======== EXERCISE DATA

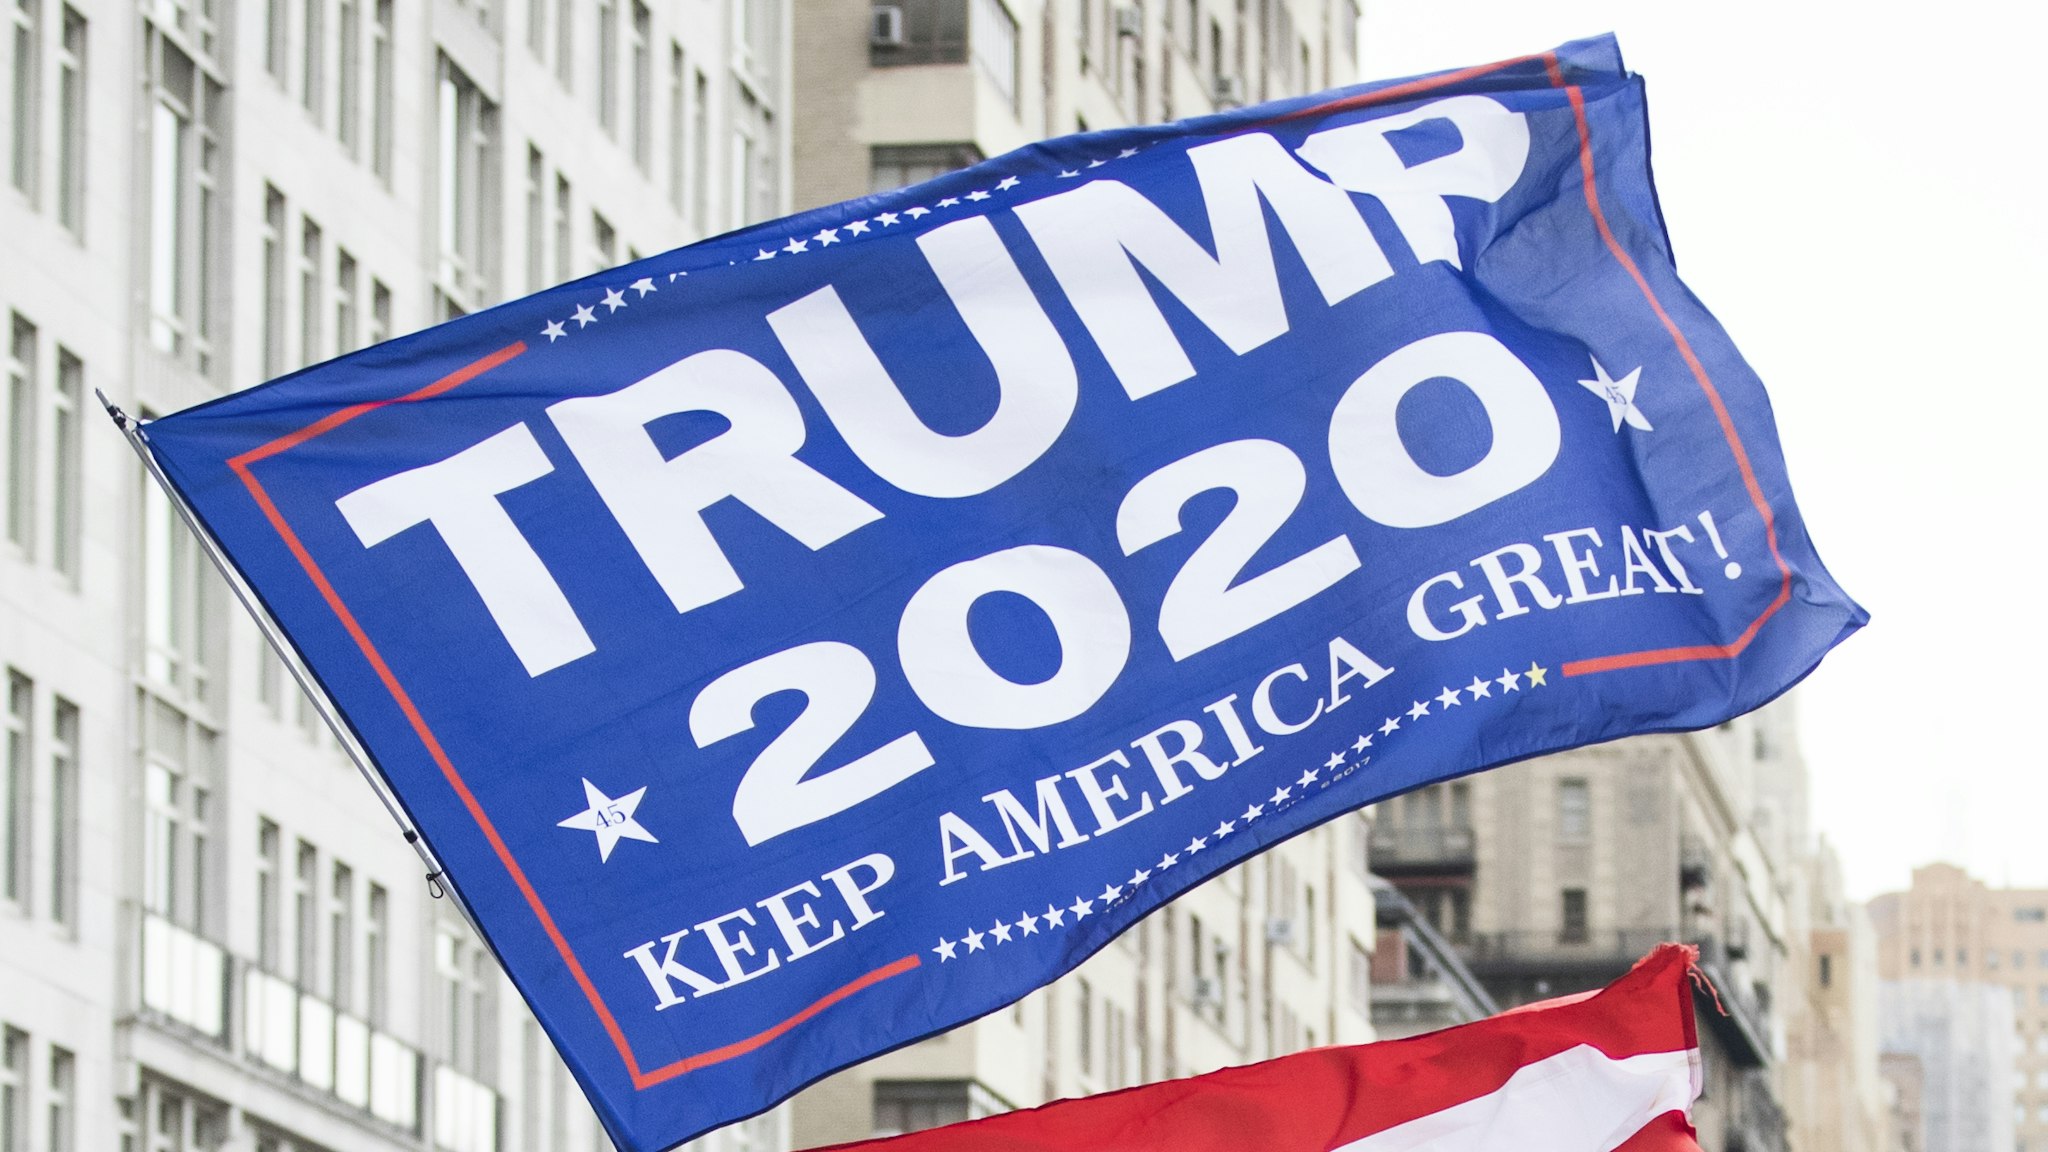 MANHATTAN, NY - JANUARY 18: A Trump supporter waves a huge flag with TRUMP 2020 Keep America Great! walks in front of the marchers as they start the march on Central Park West during the Woman's March in the borough of Manhattan in NY on January 18, 2020, USA. The rally took place 3 years after the inauguration of President Donald Trump and 3 days after the Articles of Impeachment were brought to the Senate. Thousands gather to protest equal rights at the 2020 Women's March.
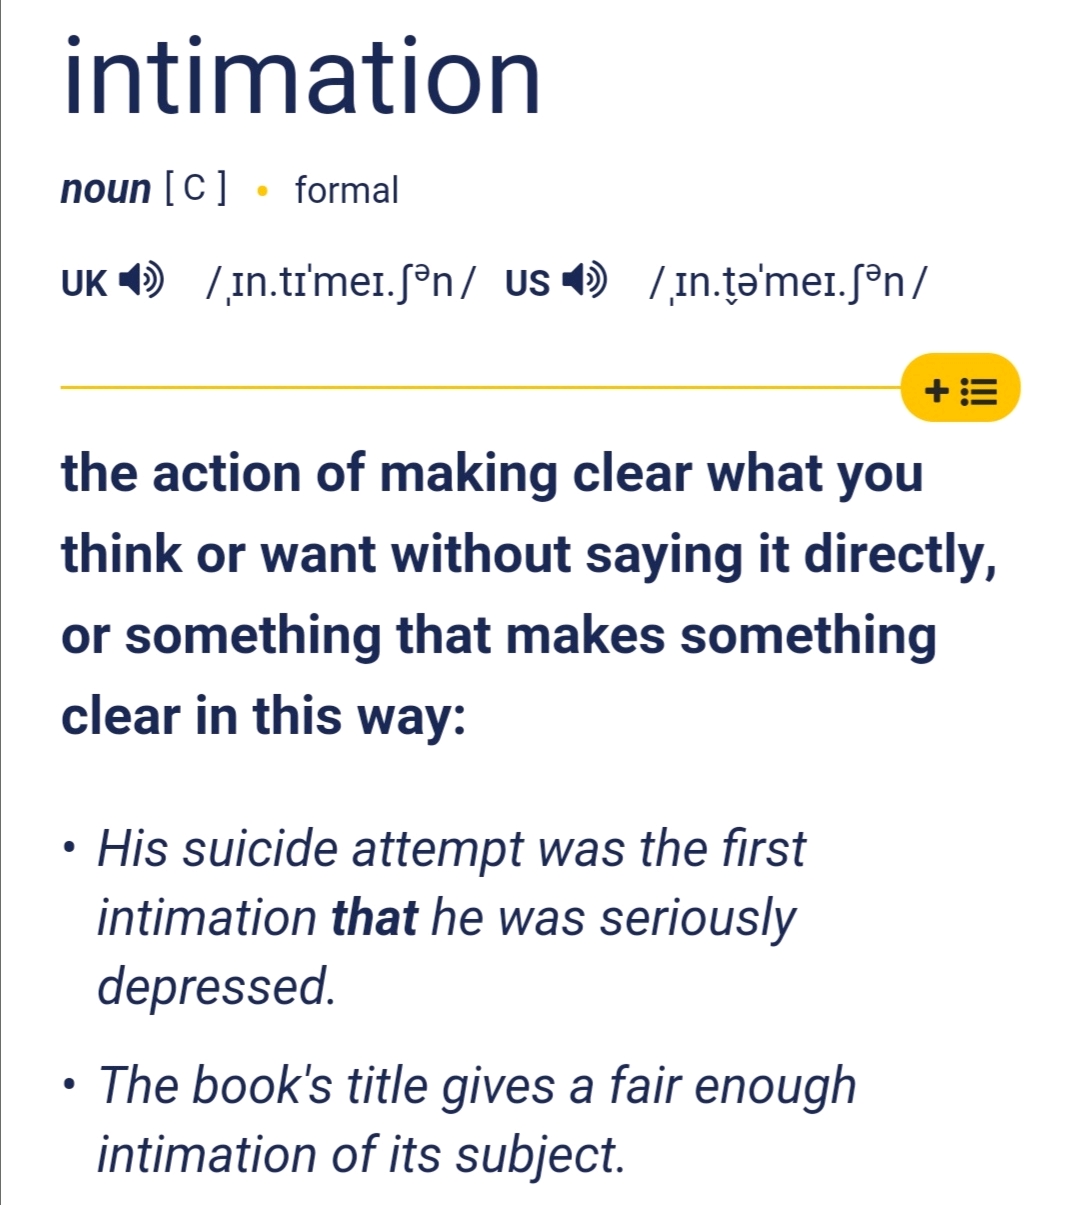 an intimation is an indirect suggestion or sign that something
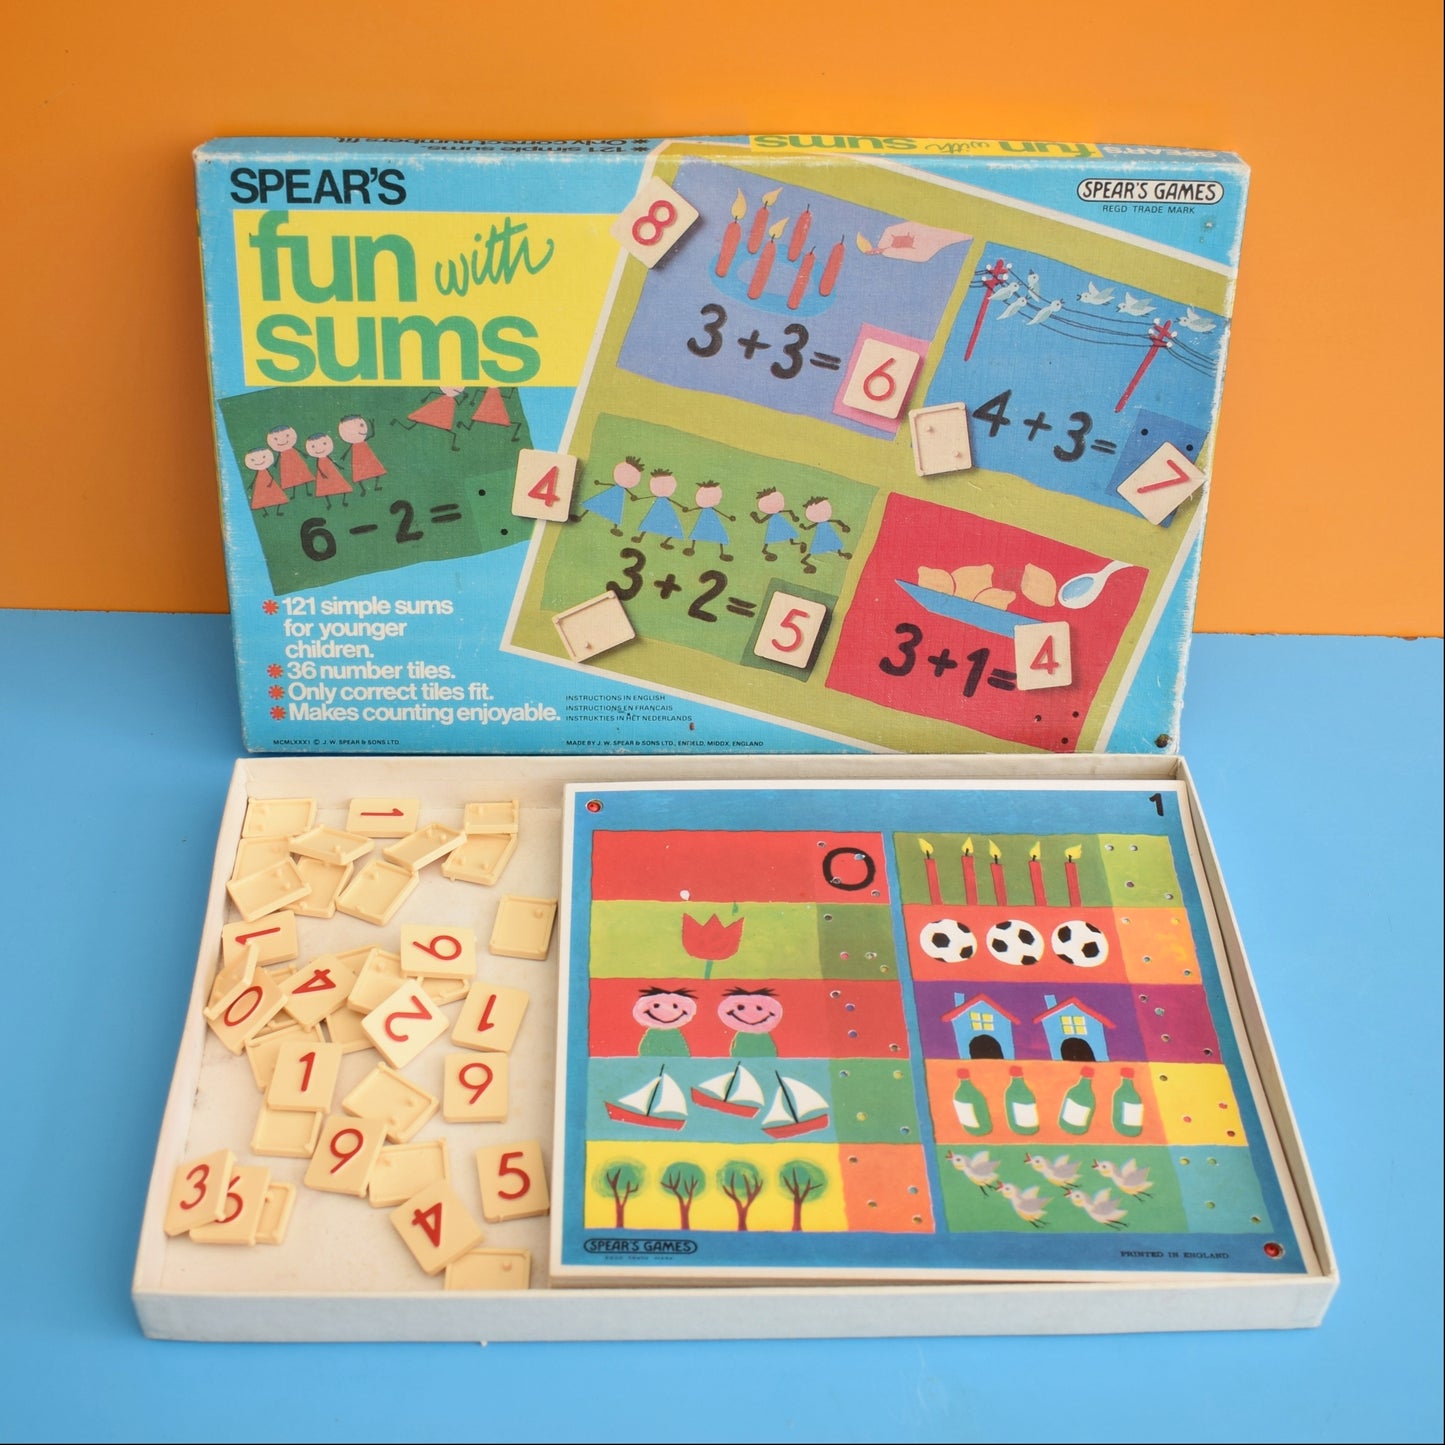 Vintage 1980s Fun With Sums - by Spears

================

## EXERCISE DIRECTIONS
Output each line of the listing above, word for word, from the one holding "an intimation is" through the last line, both included; omit the pictures.

## EXERCISE RESPONSE
 an intimation is an indirect suggestion or sign that something
 Vintage 1980s Fun With Sums - by Spears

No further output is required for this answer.